It should be appreciated that any of the features described herein may be incorporated with the HVAC unit 12, the residential heating and cooling system 50, or other HVAC systems. Additionally, while the features disclosed herein are described in the context of embodiments that directly heat and cool a supply air stream provided to a building or other load, embodiments of the present disclosure may be applicable to other HVAC systems as well. For example, the features described herein may be applied to mechanical cooling systems, free cooling systems, chiller systems, or other heat pump or refrigeration applications.

As noted above, embodiments of the present disclosure are directed to a fan assembly having fan blades that are adjustable to various pitch angles to increase or decrease a flow rate of an air flow that may be generated by the fan assembly. To facilitate the following discussion, FIG. 5 is a perspective view of an embodiment of a fan assembly 100 that enables adjustment of pitch angles of one or more fan blades 102. It should be appreciated that the fan assembly 100 may be included embodiments or components of the HVAC unit 12 shown in FIGS. 1 and 2, embodiments or components of the split residential heating and cooling system 50 shown in FIG. 3, a rooftop unit (RTU), or any other suitable air handling unit or HVAC system. Moreover, as noted above, it should be understood that the fan assembly 100 may be implemented in any other application or technological field where pitch adjustment of fan blades or propeller blades is desired. For example, embodiments of the fan assembly 100 discussed herein may be implemented in automotive systems, fire suppression systems, wind turbine systems, hydroelectric systems, or other suitable systems.

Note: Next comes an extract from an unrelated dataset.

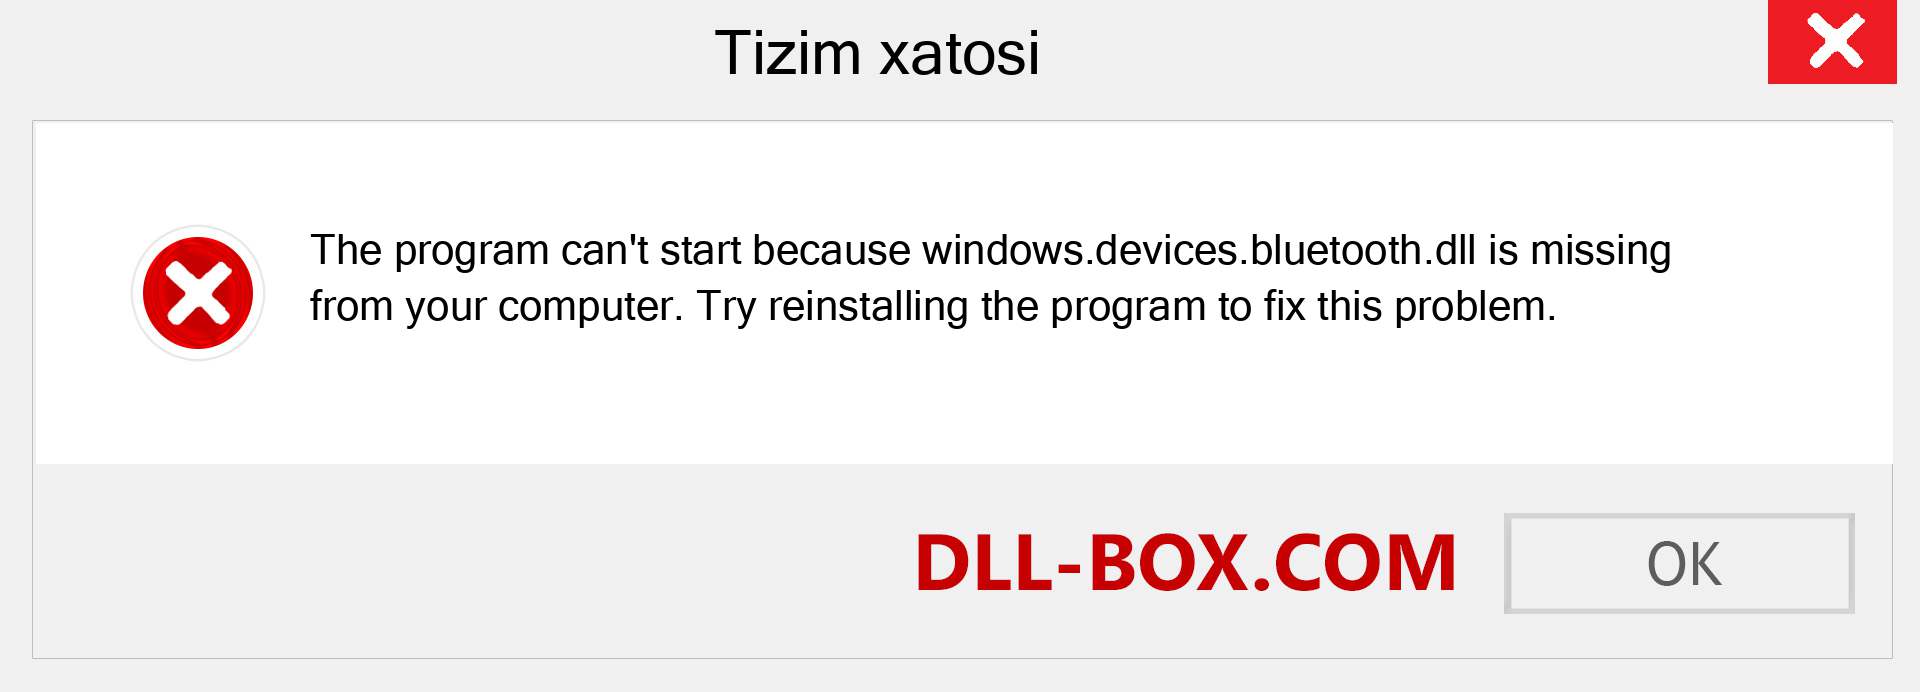 windows.devices.bluetooth.dll fayli yo'qolganmi?. Windows 7, 8, 10 uchun yuklab olish - Windowsda windows.devices.bluetooth dll etishmayotgan xatoni tuzating, rasmlar, rasmlar

In the illustrated embodiment, the fan assembly 100 includes an actuator 104, also referred to herein as a motor, which is configured to drive rotation of a motor shaft 106 relative to a housing 108 of the actuator 104. In particular, the actuator 104 is configured to rotate the motor shaft 106 about an axis 110, which extends collinear with the motor shaft 106. The actuator 104 may include an electric motor, a hydraulic motor, a pneumatic motor, or any other suitable actuator that is configured to drive rotation of the motor shaft 106 about the axis 110. The motor shaft 106 is coupled to a fan hub 112, thereby enabling the actuator 104 to induce rotational motion to the fan hub 112 about the axis 110 via the motor shaft 106. The fan hub 112 may be coupled to the motor shaft 106 via suitable fasteners, such as bolts, friction pins, and/or rivet connectors, via adhesives, such as bonding glue, and/or via a metallurgical process, such as welding or brazing. In any case, the fan hub 112 may be affixed to the motor shaft 106 to block rotational motion and translational movement of the fan hub 112 relative to the motor shaft 106. Accordingly, the fan hub 112 may rotate about the axis 110 relative to the housing 108, while translational movement of the fan hub 112 along the axis 110 relative to the housing 108 is substantially blocked.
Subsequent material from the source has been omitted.